The guy who got the airplane stuck was just spectacularly dense (he spent a three day trip trying to convince me that the callsign goes before every single radio transmission, and most of the FO's at his base tried to avoid flying with him), but there's also a lot of malicious compliance.

Last year, our management decided that the 1.5 liter water bottles on the Q400 were responsible for the airline losing $3 million/day, so they started insisting the pilots only drink from the little 6oz bottles we gave passengers, which meant we had a ton of them on the flight deck, and they loved rolling under the rudder pedals.

Eventually, someone got the brilliant idea to label the case of big water bottles on the airplane "FOR WEIGHT AND BALANCE PURPOSES ONLY", and sent out a memo to that effect, saying that the FAA said we couldn't take any of them (spoiler alert: the FAA never said that).

The pilots immediately decided this was idiotic and since the cases of water bottles rarely had the same number of bottles from one airplane to the next (and were occasionally missing outright), we started bombarding management with safety reports and phone calls to duty officers (along with the delays associated with doing those) for specific approval to fly the airplanes with a non-standard number of water bottles on board, since the memo meant we were flying the airplanes at a different empty weight than planned.

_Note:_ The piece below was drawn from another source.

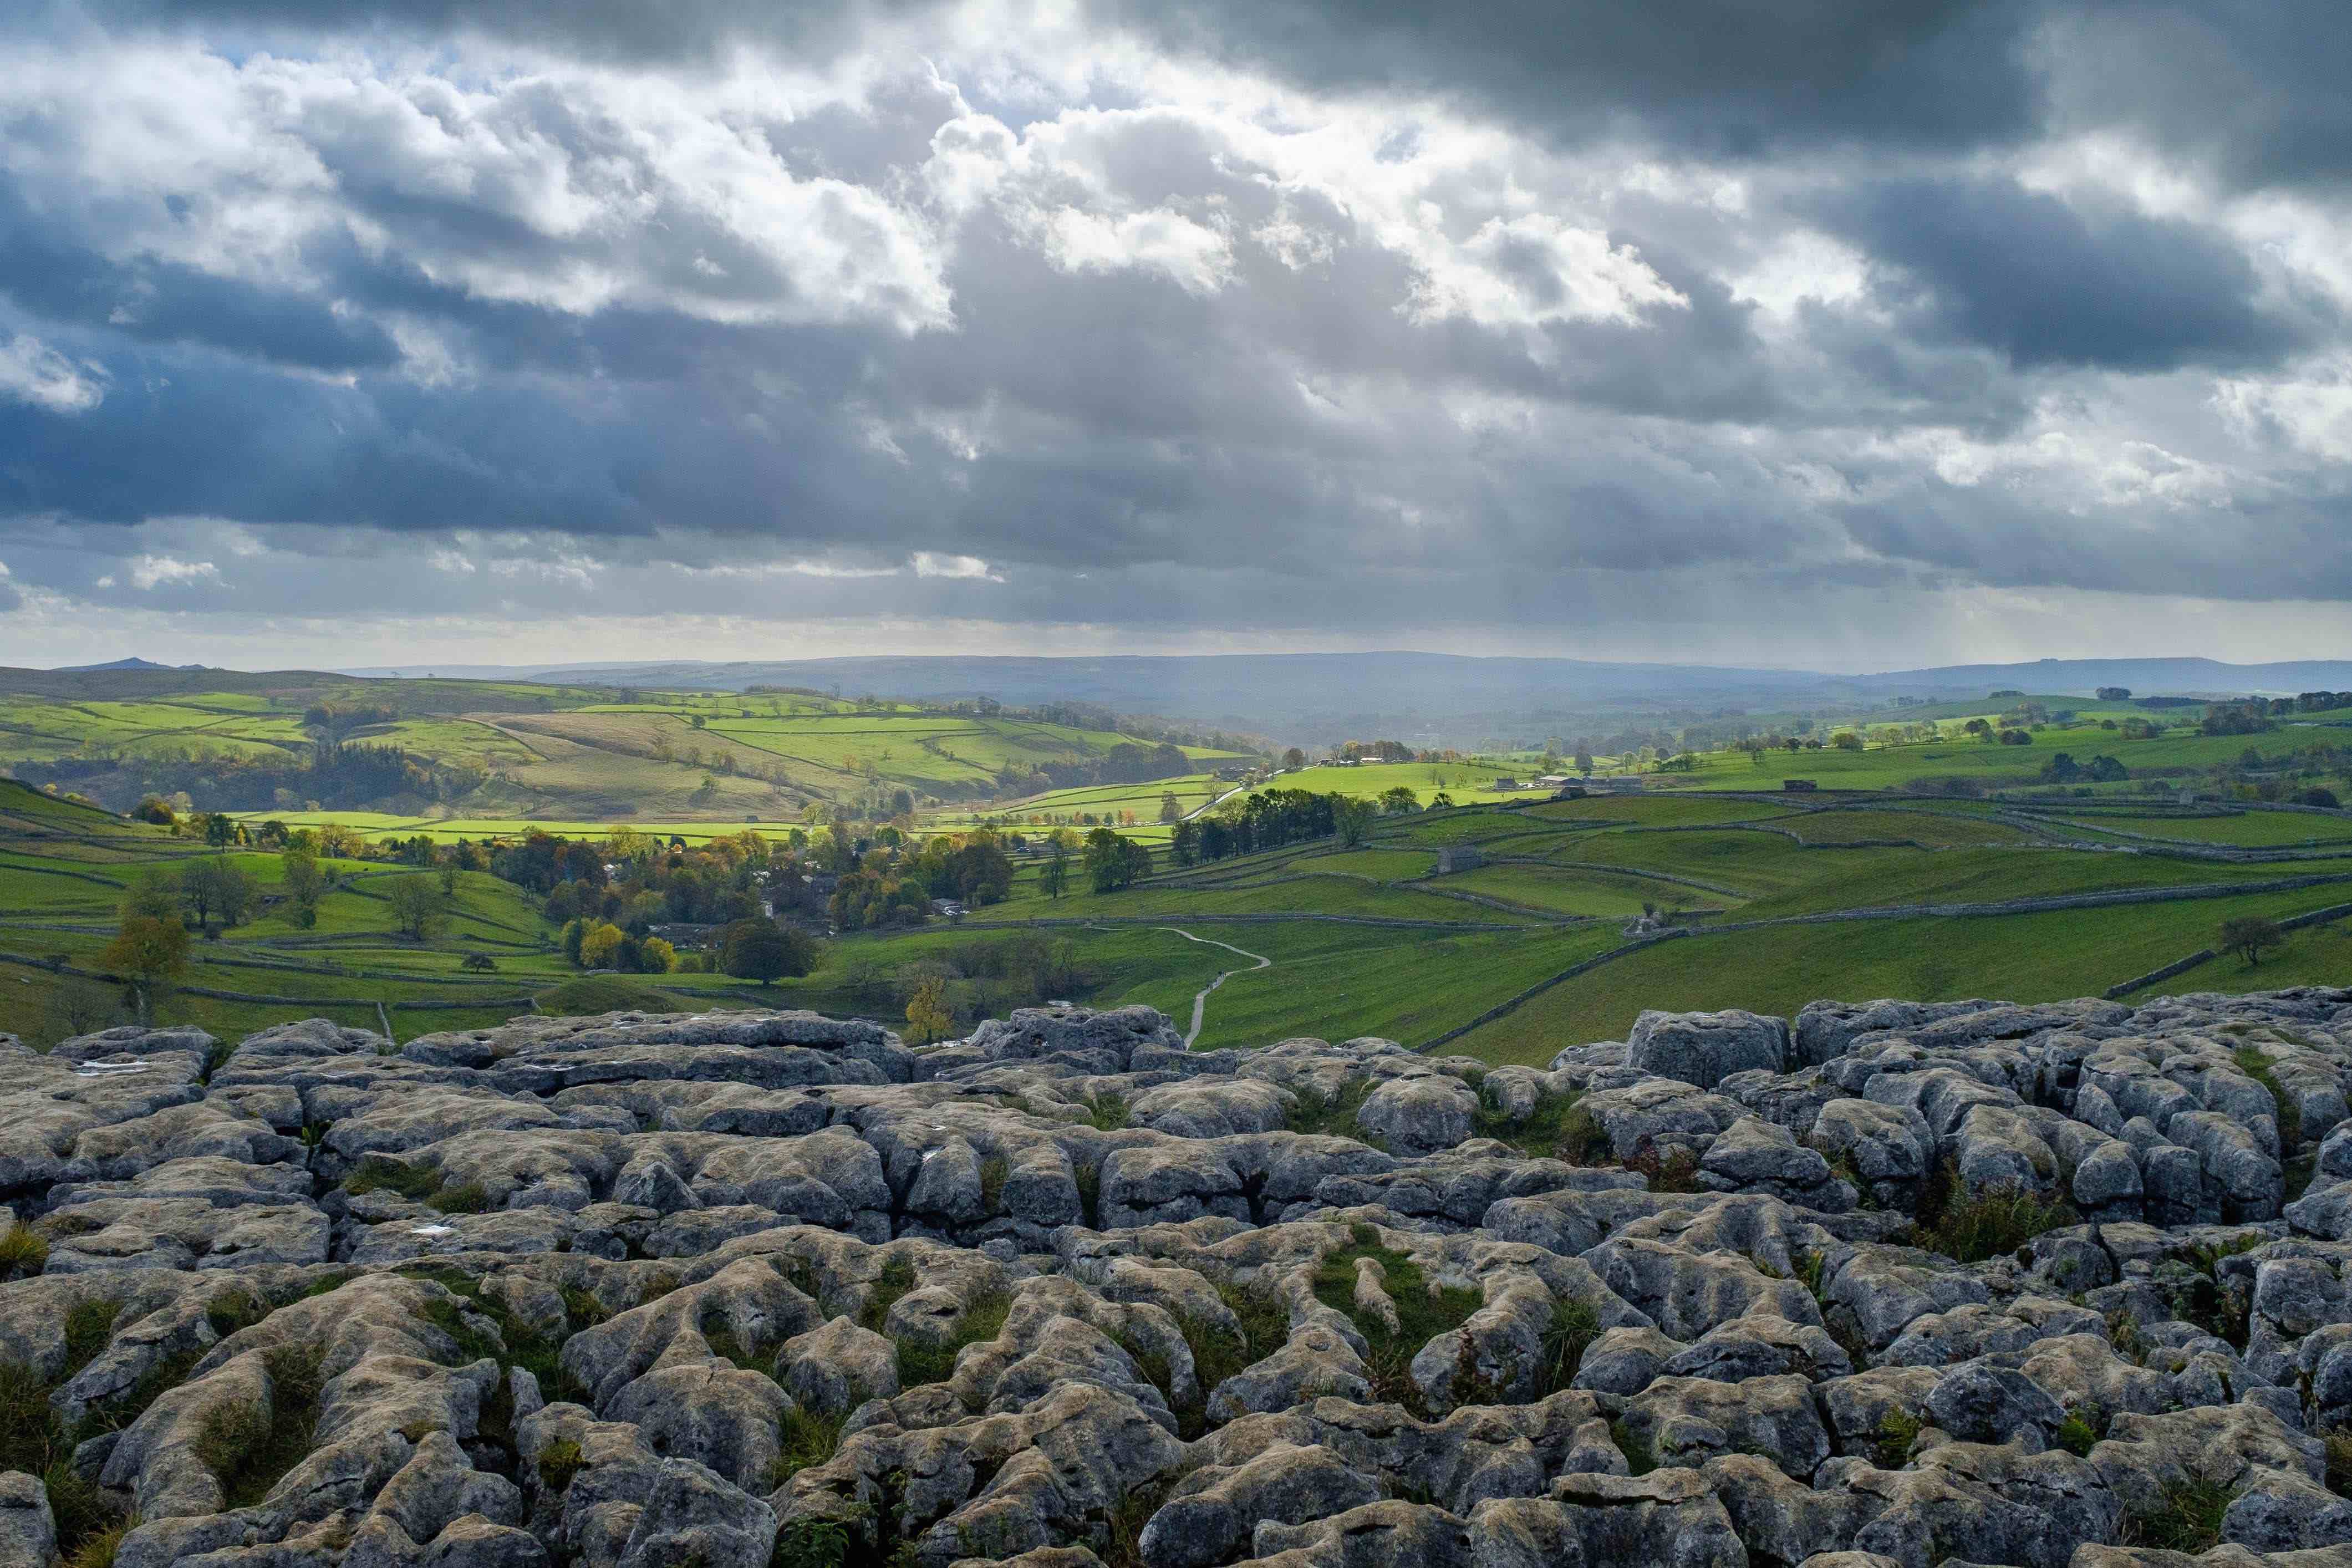 grey rocks that create a limestone pavement geological feature in the foreground with green hills in the background with sun through broken clouds

After about two weeks, the signs disappeared off the cases of water, and the memo was very quietly removed from our iPad archives.

oh baby I love me some malicious compliance

At one of my previous airlines, the maintenance wasn’t the best, and we had a streak of airplanes for a while that would pop out of reverse if you went to full reverse, very suddenly 800shp of reverse thrust became 800shp of normal thrust, not great when you’re landing. This eventually lead to someone overrunning a runway, and the pilot being blamed for it, and a change to the ops specs.

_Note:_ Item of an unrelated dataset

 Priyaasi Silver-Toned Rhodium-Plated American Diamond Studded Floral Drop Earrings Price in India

I can’t remember the exact details but it was something along the lines of having to land with a certain flap configuration if the weather was bad, but it directly conflicted with the POH of the airplane, which essentially prevented us from legally landing if there were icing conditions.

A bunch of us from the pilot group brought this up and management brushed us off. This all happened over the summer and oh baby I couldn’t wait to delay a flight because of it. Sure enough winter comes, icing conditions, I delay the flight, the DO loses his poo poo, to which I point out, per paragraph blah blah blah does this not say to do this, and per the POH does it not say if there’s icing you can’t do this? I’ve no doubt the plane is capable of safely doing it, but as this is written it’s not legal to try.

Said paragraph was removed the next day. :allears:

babyeatingpsychopath
Oct 28, 2000
Forum Veteran


Wingnut Ninja posted:

I love the probably-apocryphal stories of MAF wars between aircrew and maintenance.

Gripe: Evidence of hydraulic leak in aft equipment compartment.
Fix: Removed evidence.

Gripe: Excessive fluid leak beneath no. 3 engine.
Fix: Fluid leak is at normal levels.

Gripe: Engines 1, 2, and 4 do not show normal leakage.

Gripe: TACAN INOP when mode selector is "on full force."
Fix: Select "Overland Nav mode."
This one was a pretty decent joke from the pilot. It took us a few minutes to come up with a good acronym for "on," in much the same way we assumed the acronym for "OFF" came to him.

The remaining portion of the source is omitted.